1500 kadar öğrenci açıkta kaldı!
Doğan, "20 Temmuz'da açıklanan, 2023 - 2024 akademik yılı hazırlık ve 
  lisans öğrencilerinin yurt başvuru sonuçlarına göre, 1500 kadar öğrenci açıkta 
  kaldı. Basına yansıyan bilgiler ve öğrencilerin beyanlarına göre; yurt bursuna 
  sahip öğrenciler ve depremzede öğrenciler öncelik hakkına sahip oldukları halde 
  herhangi bir yurda yerleşemediler" dedi. 

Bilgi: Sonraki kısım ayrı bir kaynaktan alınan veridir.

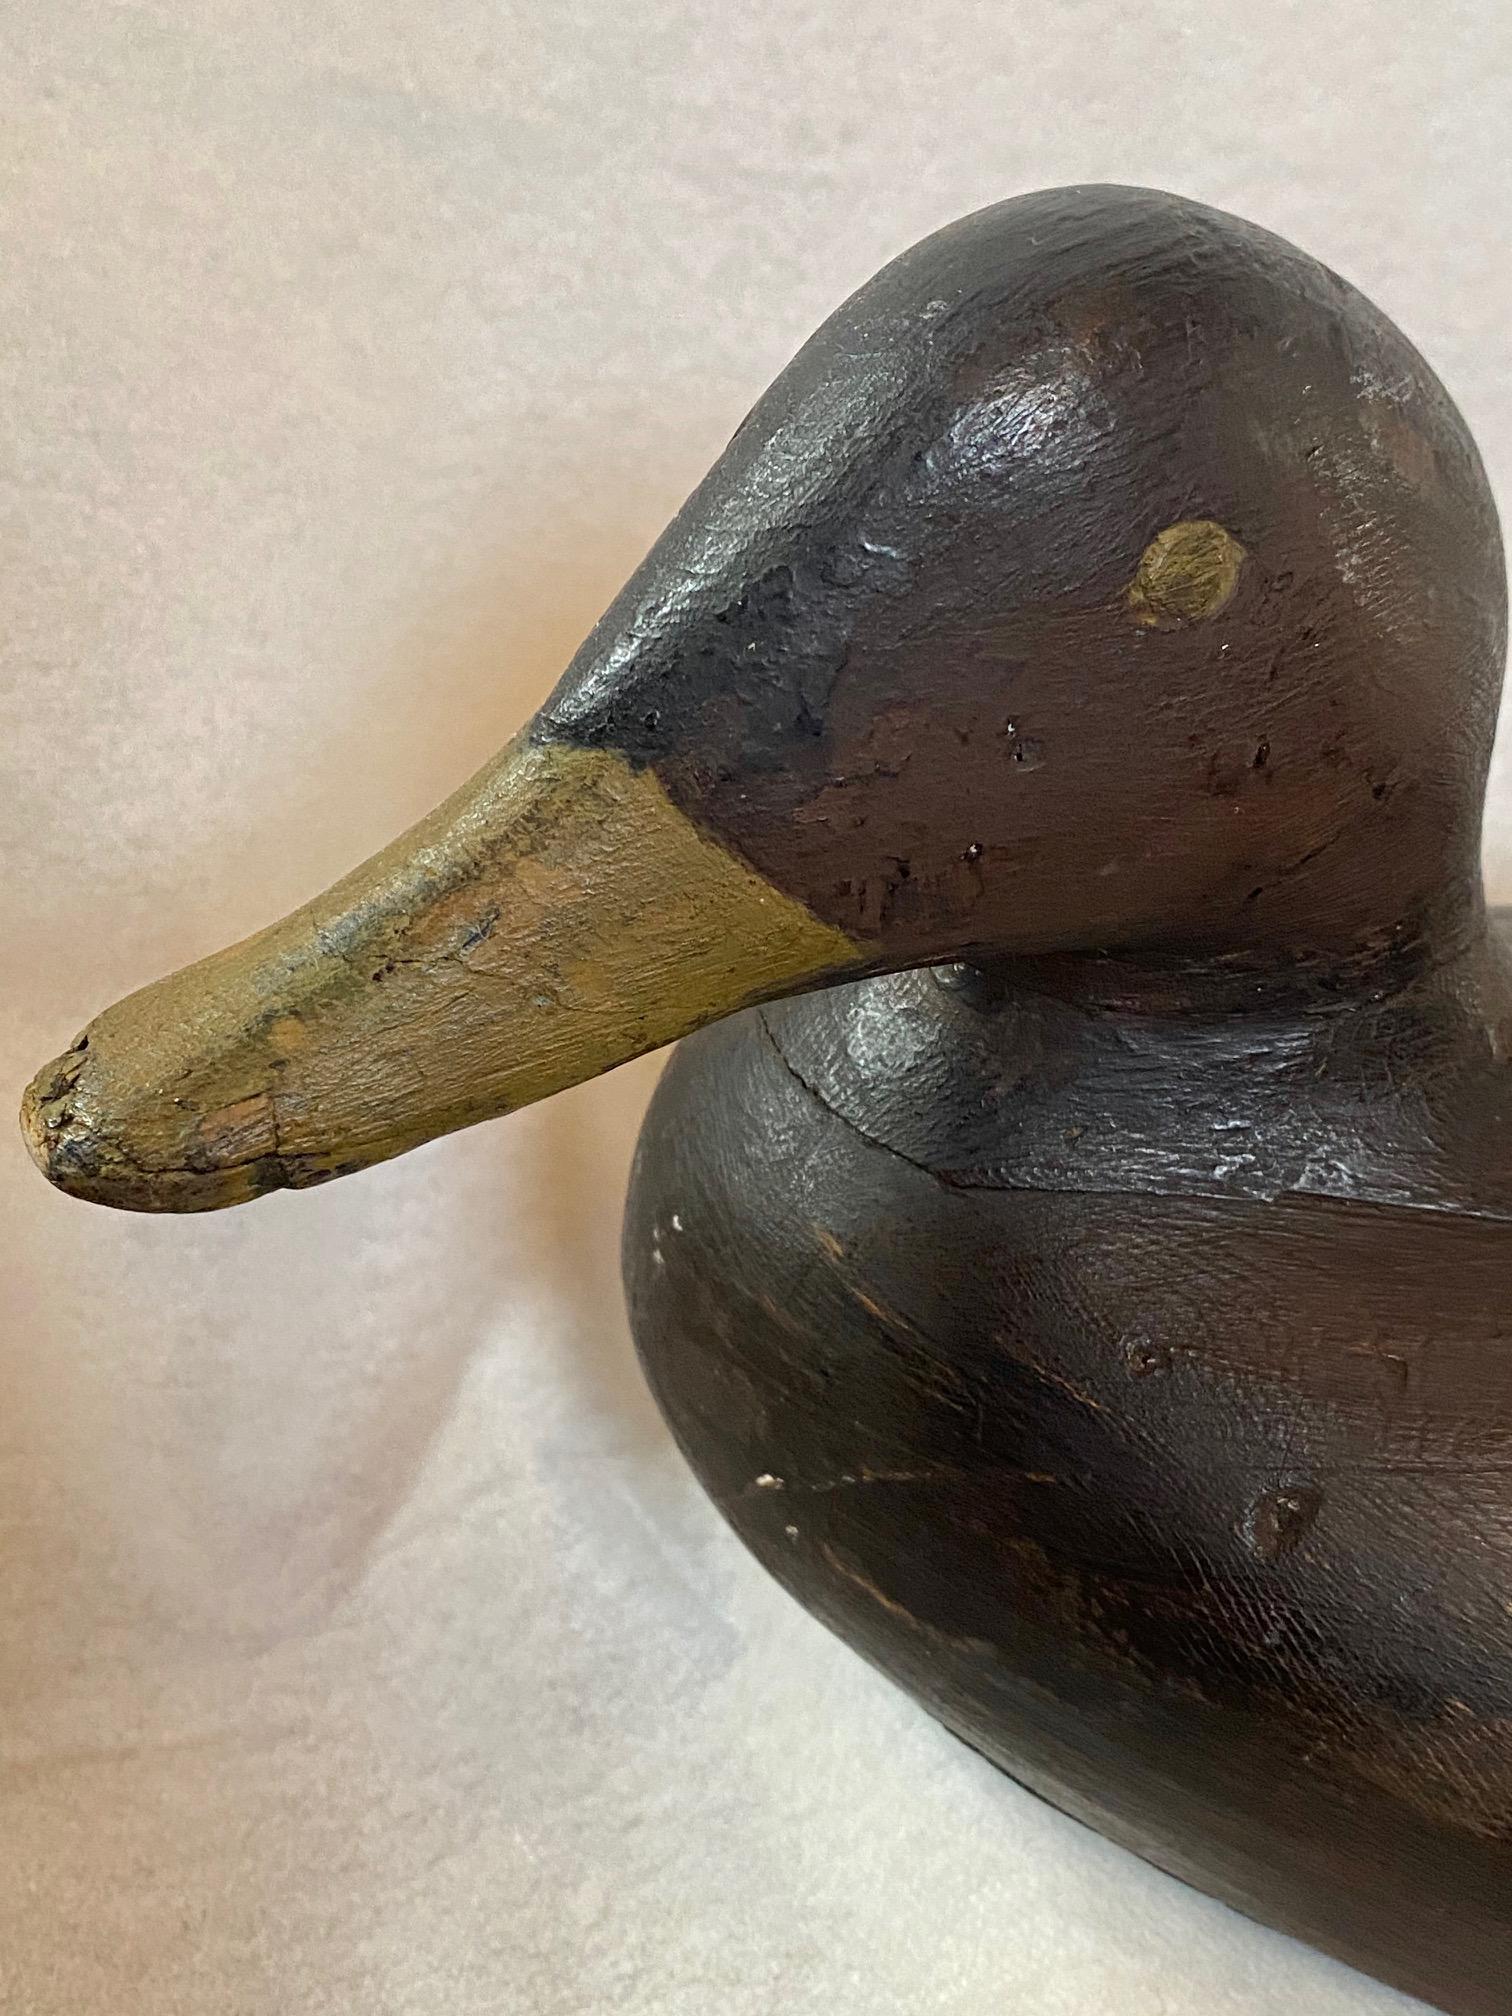 Classic Gus Wilson Turned Head Black Duck Decoy, South Portland Maine, circa 1930s, beautiful rough hewn gunning decoy by Maine's great Augustus Aaron Wilson (1864 - 1950), having the head set at alert angle turned strongly to left side, slightly

  Doğan, Boğaziçi Üniversitesi kayyum yönetimi, Şubat ayında meydana gelen Kahramanmaraş 
  merkezli depremlerin ardından, okulda güçlendirme çalışmaları yapmaya başlamış 
  ve bir süredir devam eden bu çalışmalar kapsamında okulun 12 yurdundan 5'i kullanıma 
  kapatmıştır.
Yurtların adil ve eşit bir şekilde dağıtılmadığını iddia eden öğrenciler olduğunu dile getiren Doğan, "akademisyenlerin organize ettiği Boğaziçi Nöbetlerine" katılan bazı arkadaşlarının fotoğraflarının sivil polisler tarafından çekildiğini ve bu kişilerin hiçbirine yurt çıkmadığını anlatıyorlar" dedi.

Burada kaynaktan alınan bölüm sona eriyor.